Goals of this session are:
- to perform a copy number variation analysis (CNV) on a normal/tumour pair of alignment files (BAMs) produced by the mapping of Illumina short read sequencing data.
- to perform a copy number variation analysis (CNV) on a normal/tumour pair of SNParray data files (BAF and LRR) produced by the processing of Illumina chip.
What are the advantages and limitations of using each type of technology ? solution
In this session we will produce the main steps of the analysis of NGS data in order to detect CNV and also to estimate cellularity, ploidy of the tumor sample. Sequenza is the tool we will use to perform this analysis. Sequenza is able to perform the CNV analysis in both WGS and WES data.
It consists of a two Python pre-processing steps followed by a third step in R to infer the samples estimates and to plot the results for interpretation.
In a second time we will also been using IGV to visualise and manually inspect the copy number variation, we inferred in the first part, for validation purposes.
We will be working on a CageKid sample pair, patient C0053. The CageKid project is part of ICGC and is focused on renal cancer in many of it's forms. The raw data can be found on EGA and calls, RNA and DNA, can be found on the ICGC portal. For more details about CageKid
To ensure reasonable analysis times, we will perform the analysis on a heavily subset pair of BAM files. These files contain just 60Mb of chromosome 2
We will use a dataset derived from whole genome sequencing of a clear-cell renal carcinoma patient (Kidney cancer)
## set environement
#launch docker
docker run --privileged -v /tmp:/tmp --network host -it -w $PWD -v $HOME:$HOME \
--user $UID:$GROUPS -v /etc/group:/etc/group -v /etc/passwd:/etc/passwd \
-e DISPLAY=$DISPLAY -v /etc/fonts/:/etc/fonts/ c3genomics/genpipes:0.8
export REF=$MUGQIC_INSTALL_HOME/genomes/species/Homo_sapiens.GRCh37/
cd $HOME/ebicancerworkshop2021/CNV/NGS
These are all already installed, but here are the original links.
We should load the corresponding modules
module load mugqic/samtools/1.4.1 mugqic/R_Bioconductor/3.6.0_3.9 mugqic/python/2.7.14
The initial structure of your folders should look like this:
<ROOT>
|-- C0053/ # fastqs from the center (down sampled)
`-- normal # The blood sample directory
`-- normal_chr2_60Mb.bam # Alignment file as generated through the SNV session
`-- normal_chr2_60Mb.bai # Index of the alignment file
`-- tumor # The tumor sample directory
`-- tumor_chr2_60Mb.bam # Alignment file as generated through the SNV session
`-- tumor_chr2_60Mb.bai # Index of the alignment file
|-- saved_results # Pre-computed files
`-- scripts # cheat sheet folder
More info on Sequenza see User Guide
A seqz file contains genotype information, alleles and mutation frequency, and other features. This file is used as input for the R-based part of Sequenza.

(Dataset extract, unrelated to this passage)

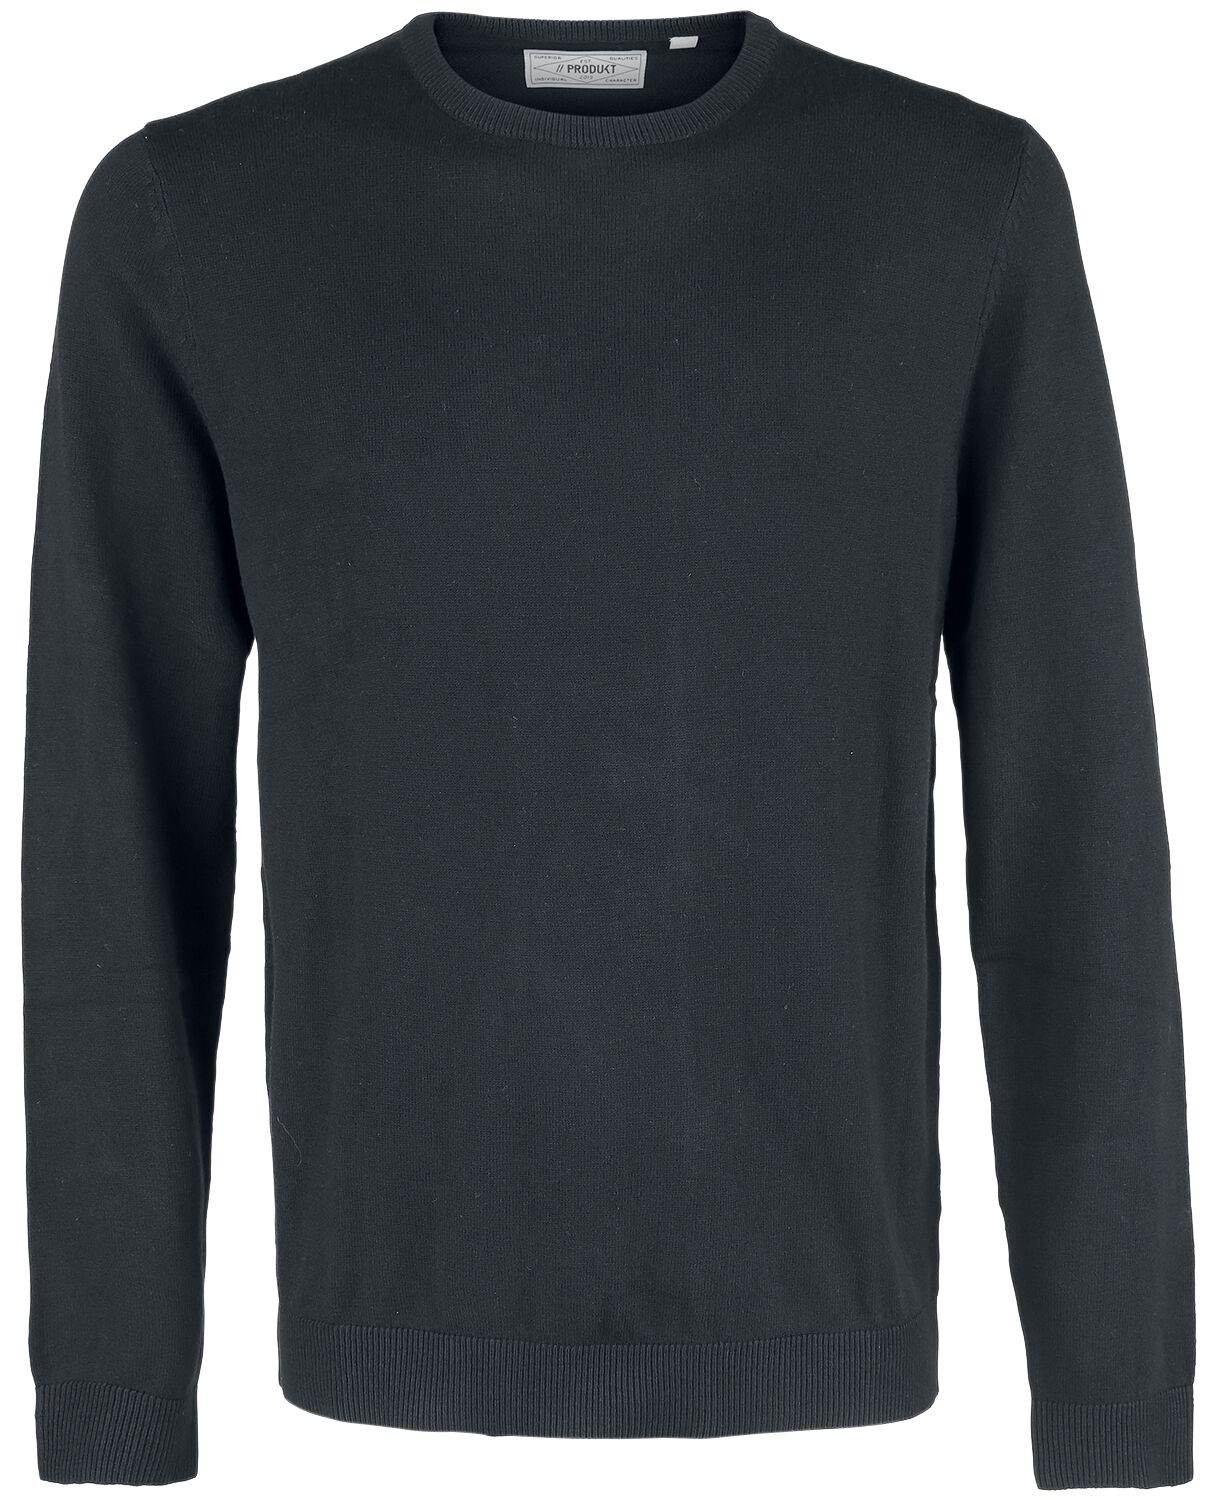 Sweat-shirt de Produkt - Tricot Basique Ras-Du-Cou - S - pour Homme - noir

The seqz file could be generated from a pileUp file (as shown in SNV session) or directly from the bam file.
Should we start from the mpileUp of the SNV session ? solution
As we haven’t already generated the pileup files, and we are not interested in storing the pileup for further use, we can use the function
bam2seqz which converting on the fly to pileup using samtools without storing the pileup file.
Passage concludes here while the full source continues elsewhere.